Joel Torre
Culture Spotlight

Joel Torre on the rite of passage that was Oro, Plata, Mata

The actor reflects on his first screen kiss, blasting brains for the camera, and the extraordinary experience of making the movie that made him.
Em | Sep 11 2018

I met director Peque Gallaga around 1969 when I was a little boy growing up in Bacolod. He saw me in a stage play in which his brother played my dad. Peque was going to stay in Bacolod to teach theater. He told me, "I want you to be in all my plays." And I did until my college days in the 1980s when Peque resumed his production design and directorial work in Manila.

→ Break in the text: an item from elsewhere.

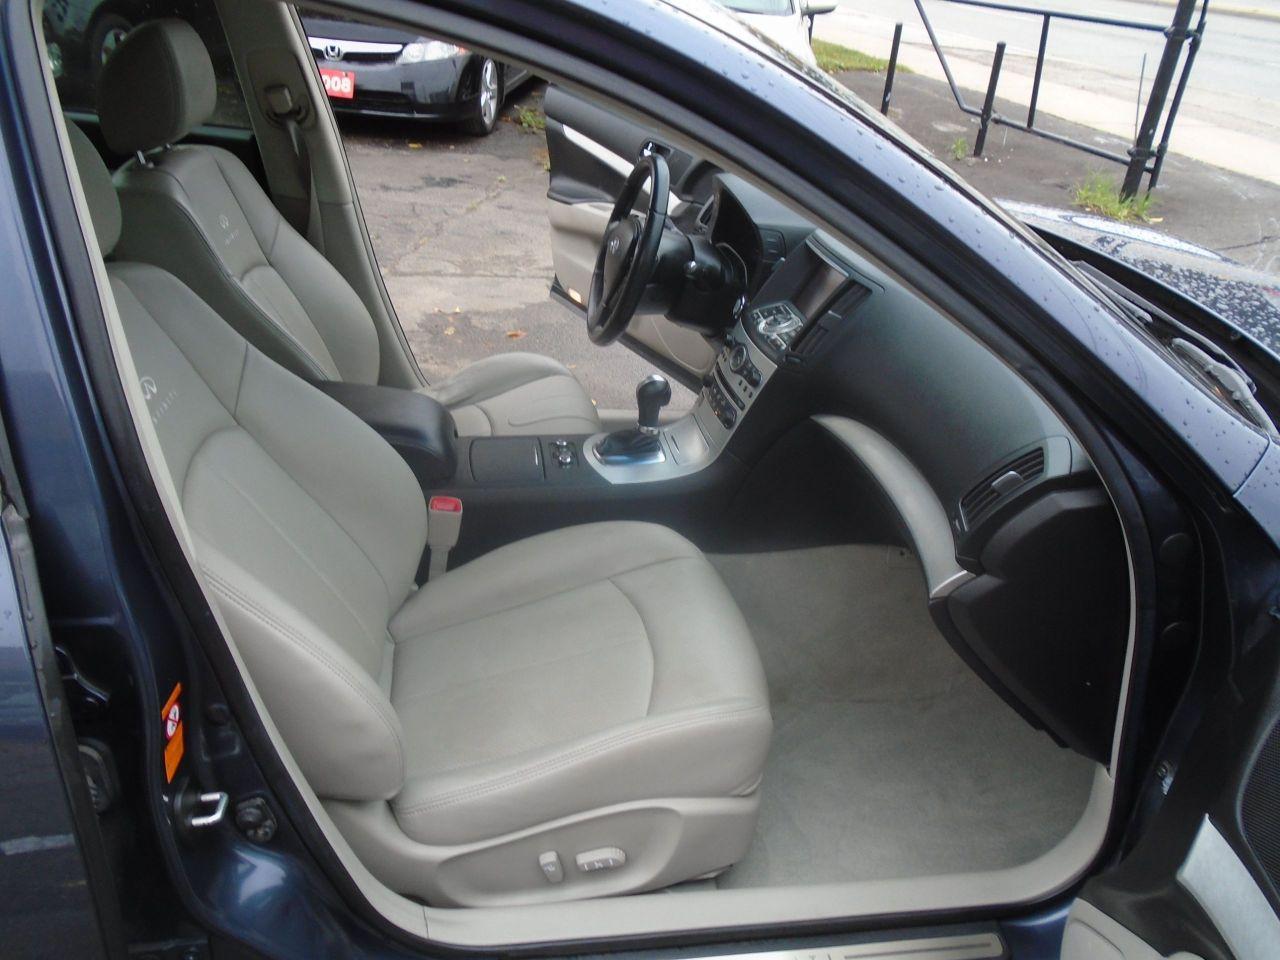 2009 Infiniti G37X

But every summer during college, I apprenticed under Peque. I was part of the production design staff of Regal films like Pabling and Bilibid Boys. I did that to acclimatize myself to the showbiz culture, to know the business. After my graduation from college in 1982, I became a production assistant on the comedy show Champoy which was directed by Peque.

In April of that year, he got the news that the script of Oro, Plata, Mata that Joey Reyes wrote for him won in the Experimental Cinema of the Philippines (ECP) Scriptwriting Contest. Sabi ko, "Peqs, basta sali ako diyan." Peque had a role for me: si Lucio, yung batang katiwala ng hacienda.

I was already going through workshops to flesh out my character as Lucio. Albert Martinez was being eyed for the role of Miguel but he was too busy. Sabi nina Joey Reyes and (production designer) Don Escudero who both knew that I was a theater actor, 'Let's audition Joel.' I did and got the part. Gulat na gulat ako. I was dreaming of being an actor in films, but I didn't expect that I would get my wish so soon and that I would get 'introducing' billing in such a grand film.

The film is loosely based on real-life experiences of families in Negros during World War II. Peque knew all the stories. Gan'on talaga ang nangyari: the rich families had to leave their houses in the cities and go to the farms. When the Japanese started coming in, the people of Negros had to go to the mountains and hide. Before we went to Negros for the shoot, the cast and staff had workshops in Manila so we could all get a feel of the story to the point that it was second skin.